**Data shown**
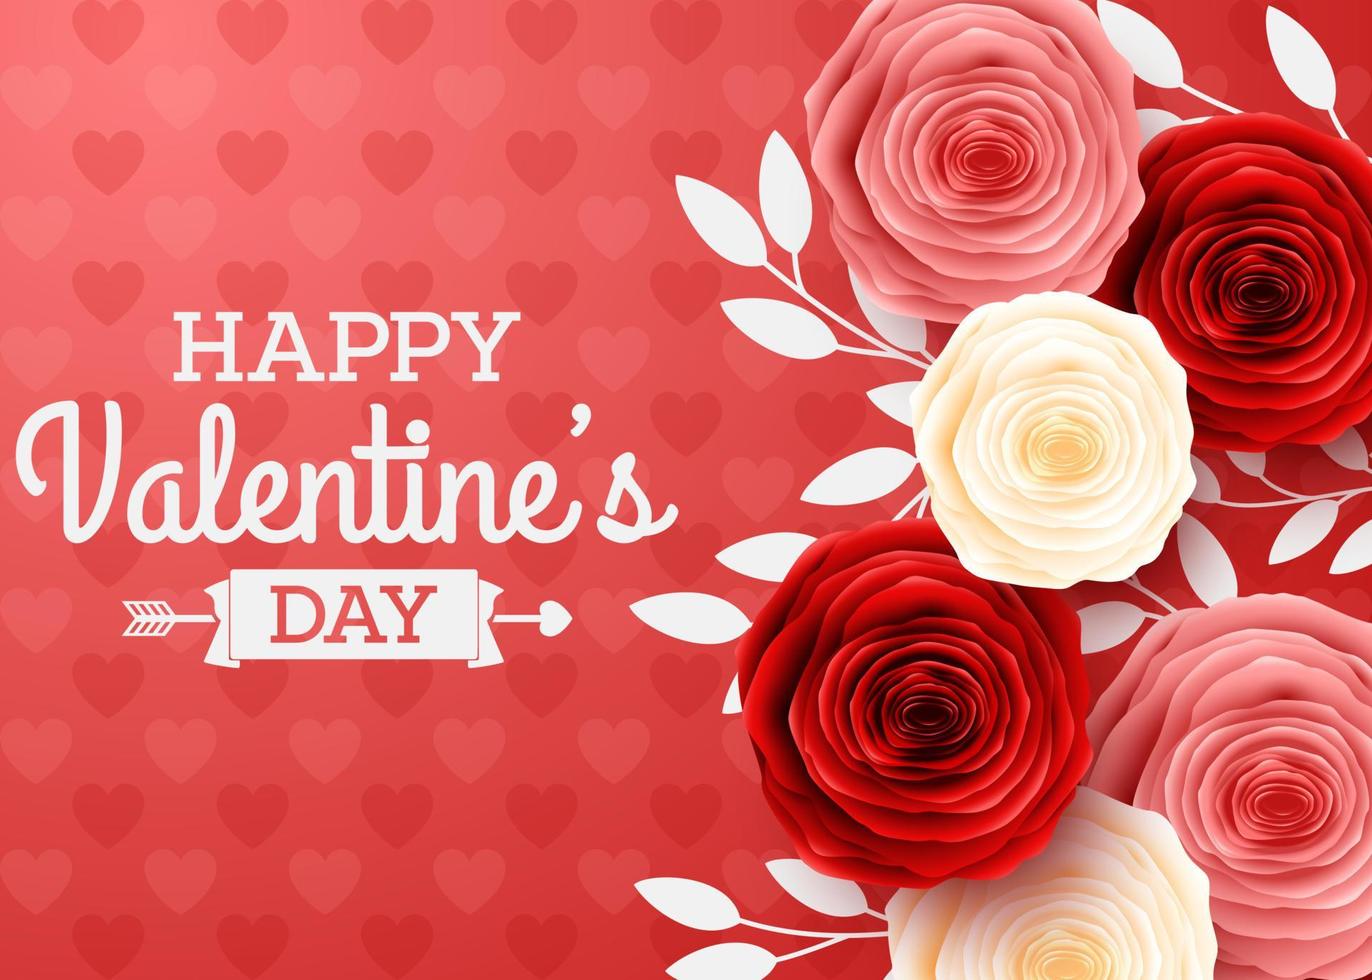 cartão de dia dos namorados com fundo de flores e corações rosa vetor
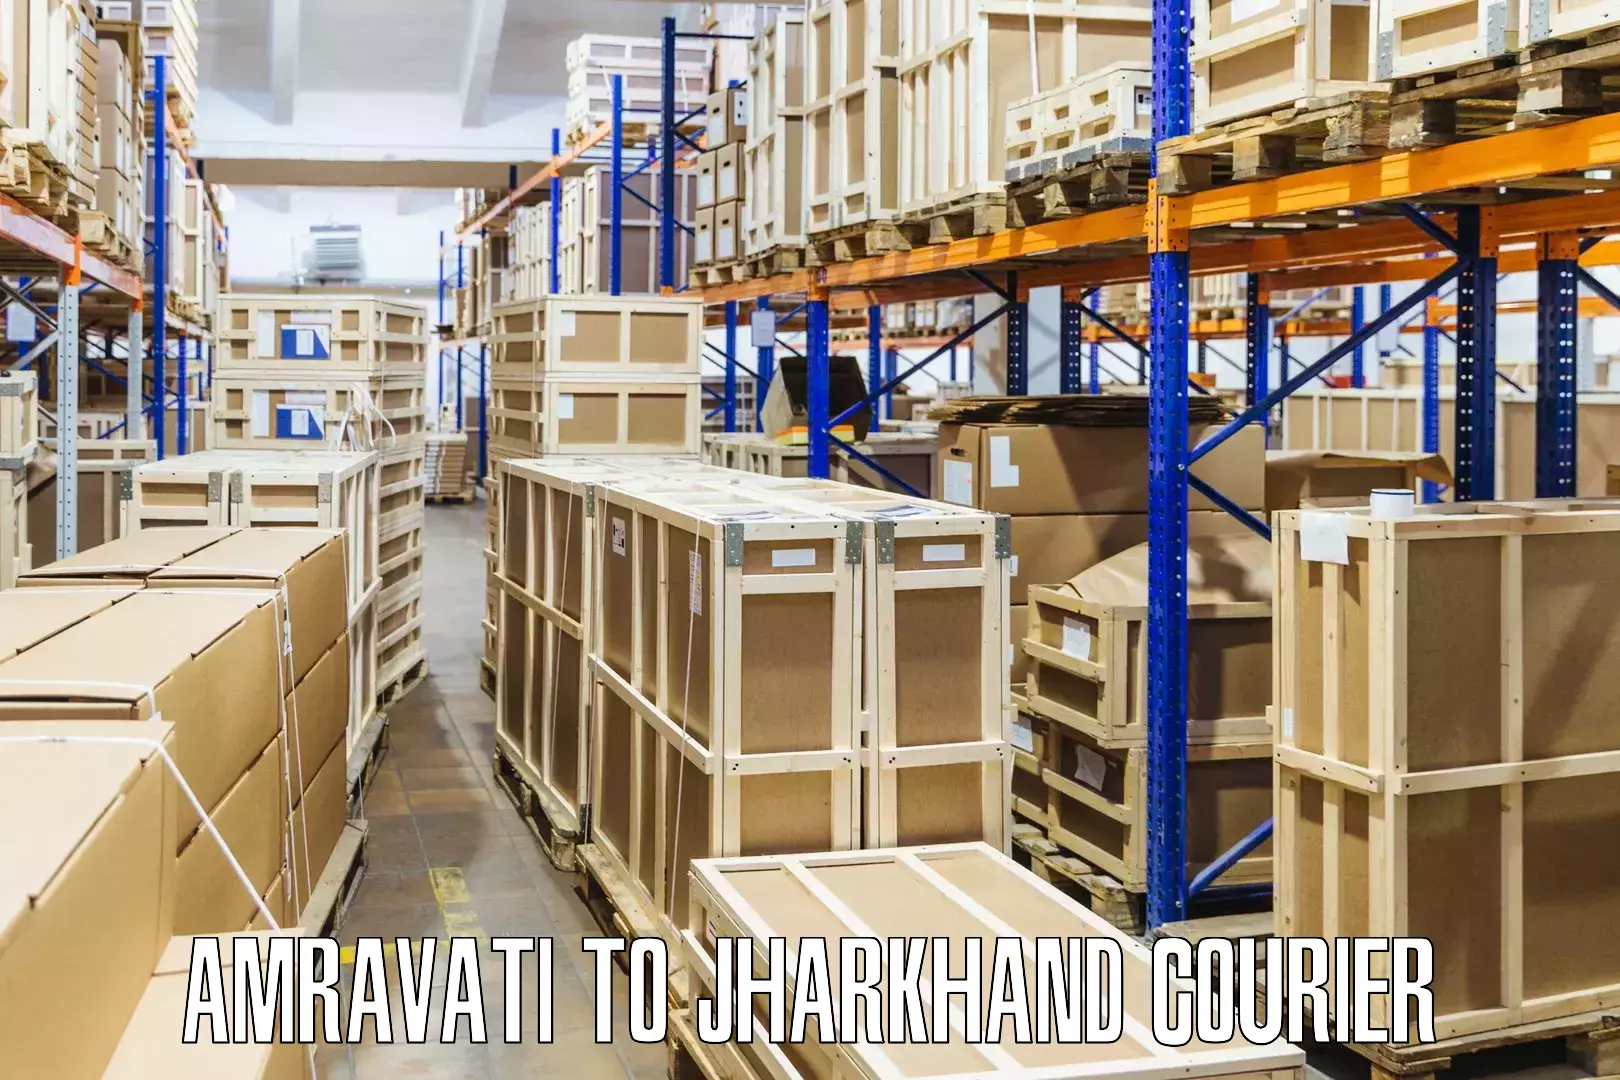 Tracking updates Amravati to Godabar Chatra
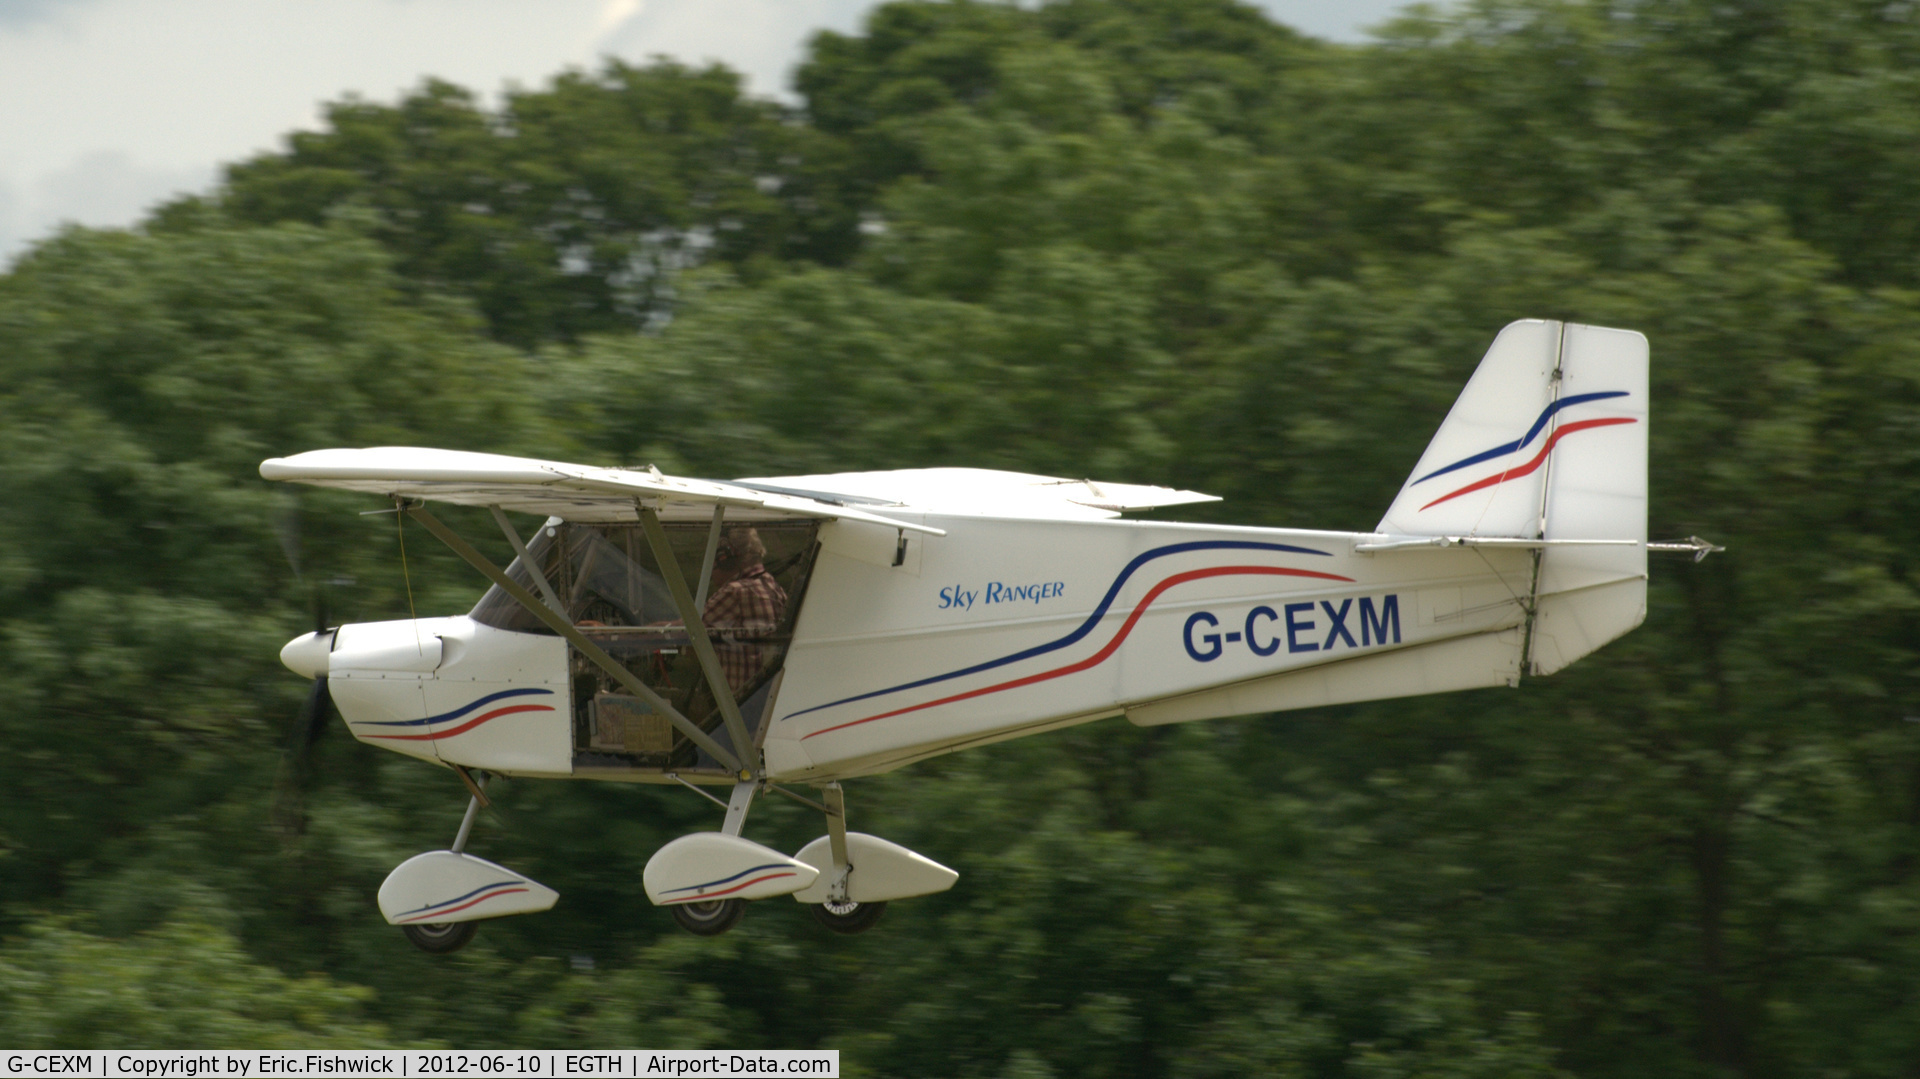 G-CEXM, 2007 Skyranger Swift 912S(1) C/N BMAA/HB/556, 4. G-CEXM departing Shuttleworth (Old Warden) Aerodrome.

**About this task**
The response must repeat all the lines above exactly and include no pictures.

**Expected output**
 cartão de dia dos namorados com fundo de flores e corações rosa vetor
 Tracking updates Amravati to Godabar Chatra
 G-CEXM, 2007 Skyranger Swift 912S(1) C/N BMAA/HB/556, 4. G-CEXM departing Shuttleworth (Old Warden) Aerodrome.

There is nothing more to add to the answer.